Factors that affect a lender’s servicing strategy include whether to retain more or less servicing, the lender’s capital or cash standing, the accounting risks of servicing, and current and future mortgage policy.
“Servicing today is not an easy road to navigate, and it requires having data-driven solutions to understand the current and potential impacts on your overall mortgage strategy,” Stratmor Principal Seth Sprague says in the report. “In this lending environment, having a clearly defined servicing strategy is imperative.”
One of the most common questions Sprague hears from lenders is whether he would recommend a lender retain more or less servicing. Sprague says the answer depends on a variety of factors, including the availability of capital for banks and cash for independent mortgage bankers.
“Once the respective capital and cash hurdles are cleared, then lenders need to balance the benefits of servicing against the risks while also considering servicing’s fit within their overall mortgage strategy,” he said.
For banks that own servicing operations, the report says, the challenge of maintaining servicing efficiencies can be a struggle. According to Sprague, there were negative financial and operational impacts to servicing before the 2008 financial crisis that most banks have gotten past, but they are still dealing with elevated servicing costs from pre-crisis levels. The ability to maintain servicing scale and efficiencies while controlling the long-term servicing costs presents an additional risk right now. For independents, retaining servicing and giving up the cash in today’s origination environment of lower margins and volumes presents the largest obstacle to invest in servicing.

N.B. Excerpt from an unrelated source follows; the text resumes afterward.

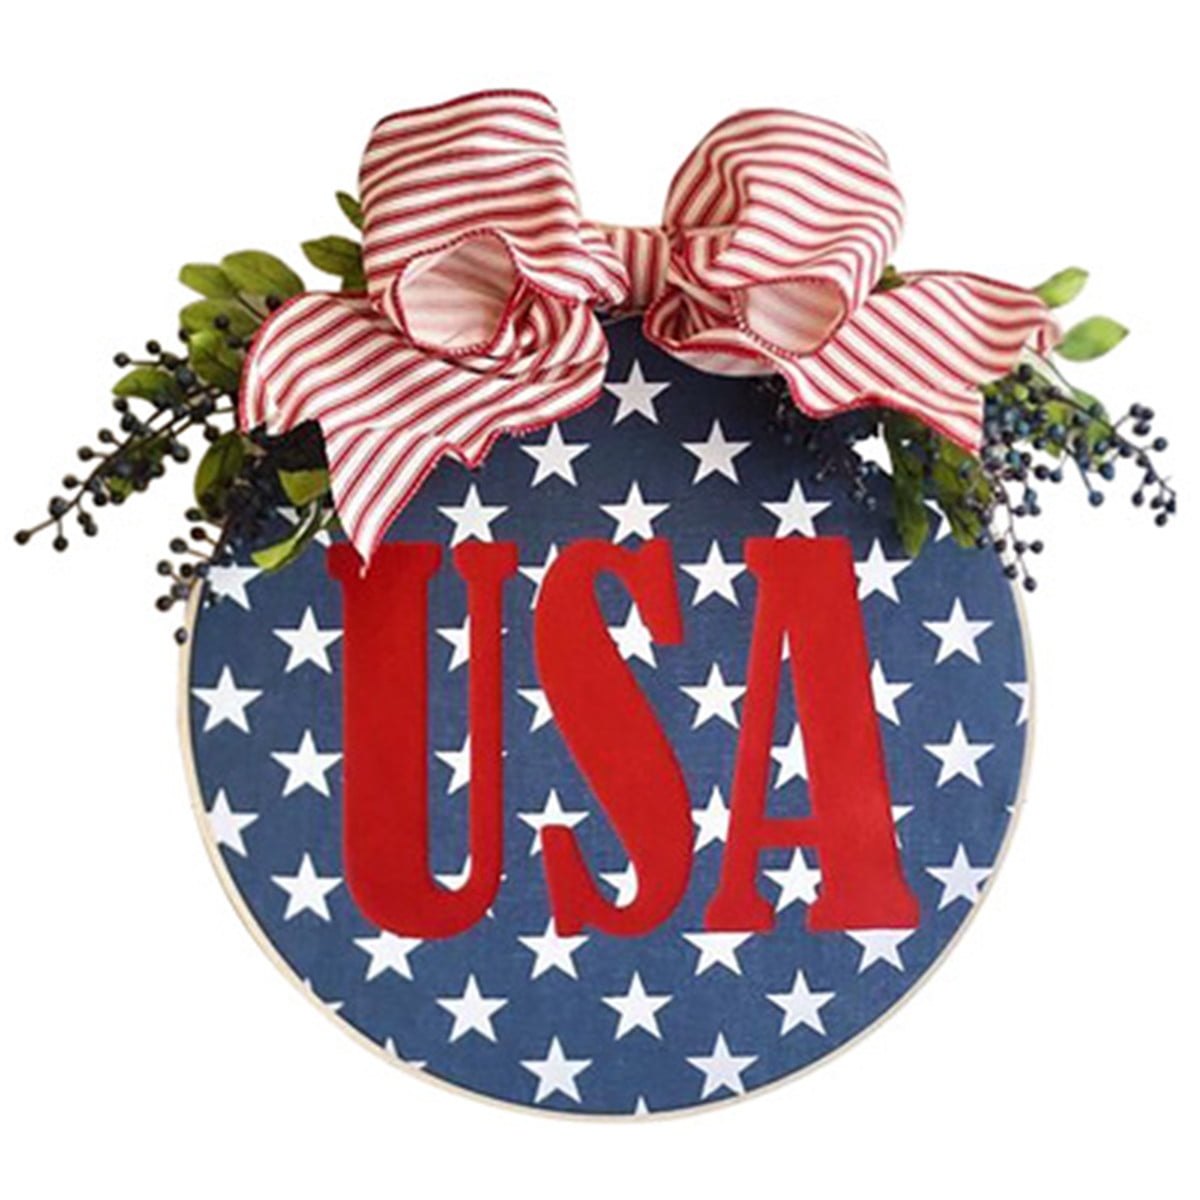 I Love the USA Wreath

“The ultimate decision to retain servicing and therefore create the mortgage servicing right (MSR) asset should be driven by the lender’s overall mortgage strategy,” Sprague said. “This strategy should include both a comprehensive review of originations and servicing operations and incorporate an understanding of the risk and rewards of servicing. And, these key decision points must be continually tested, evaluated, challenged and supported by current data and analyses.”